In general I like the idea, but I think the user-visible change will be quite
large, almost "cgroup v3"-large. Here are some problems:
1) Anything shared between e.g. system.slice and user.slice now belongs
   to the root cgroup and is completely unaccounted/unlimited. E.g. all pagecache
   belonging to shared libraries.
2) It's concerning in security terms. If I understand the idea correctly, a
   read-only access will allow to move charges to an upper level, potentially
   crossing memory.max limits. It doesn't sound safe.
3) It brings a non-trivial amount of memory to non-leave cgroups. To some extent
   it returns us to the cgroup v1 world and a question of competition between
   resources consumed by a cgroup directly and through children cgroups. Not
   like the problem doesn't exist now, but it's less pronounced.
   If say >50% of system.slice's memory will belong to system.slice directly,
   then we likely will need separate non-recursive counters, limits, protections,
   etc.
4) Imagine a production server and a system administrator entering using ssh
   (and being put into user.slice) and running a big grep... It screws up all
   memory accounting until a next reboot. Not a completely impossible scenario.

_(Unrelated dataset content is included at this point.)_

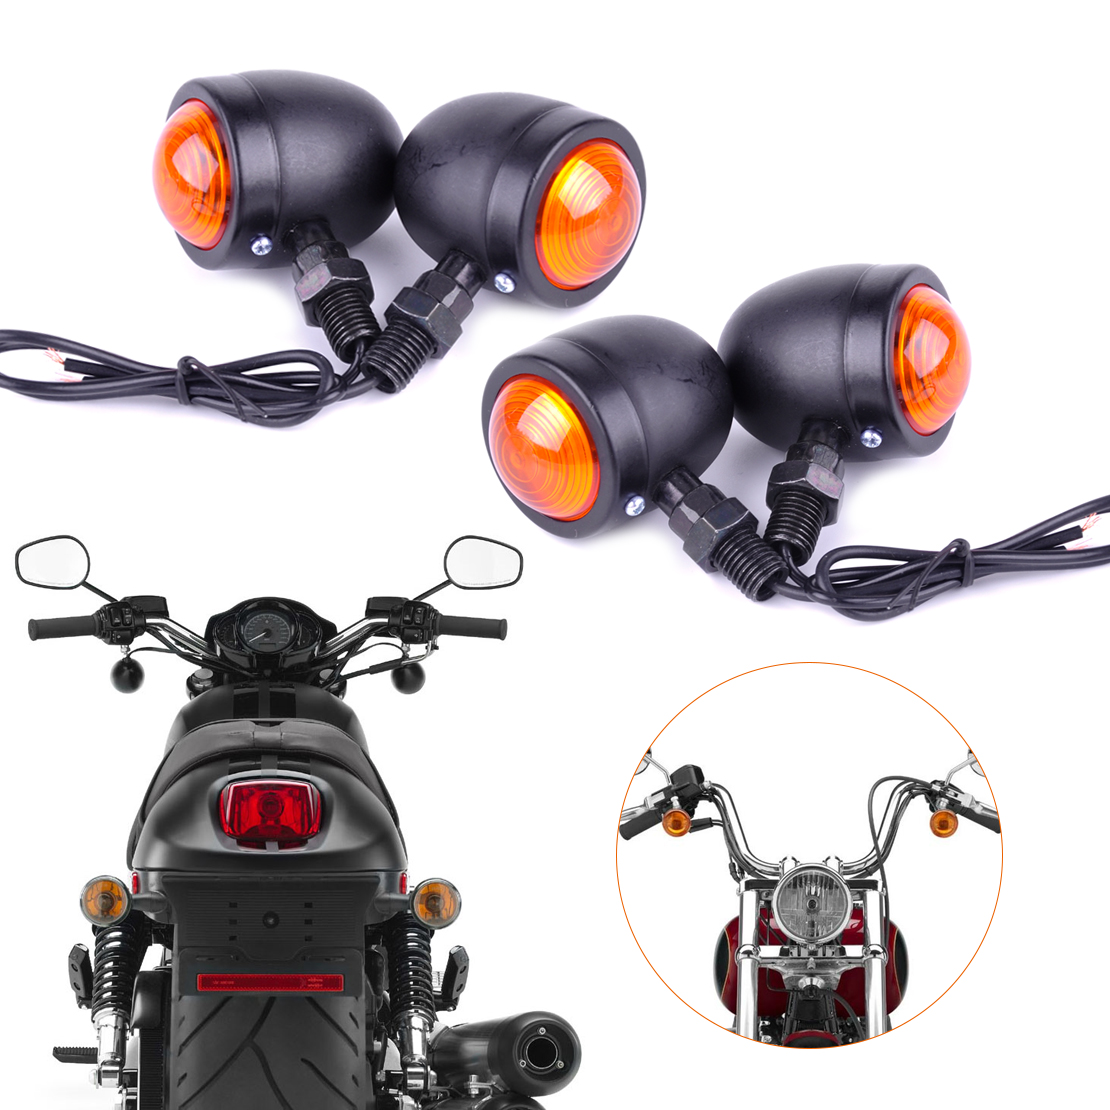 DWCX Motorrad 4x12 V Kugel Blinker Leuchtmelder Lampe Fit Fur Harley Bobber Chopper Yamaha Suzuki Kawasaki Dirt Bike

That said, I agree with Johannes and I'm also not a big fan of this patchset.

I agree that the problem exist and that the patchset provides a solution, but
it doesn't look nice (and generic enough) and creates a lot of questions and
corner cases.

Btw, won't (an optional) disabling of memcg accounting for a tmpfs solve your
problem? It will be less invasive and will not require any oom changes.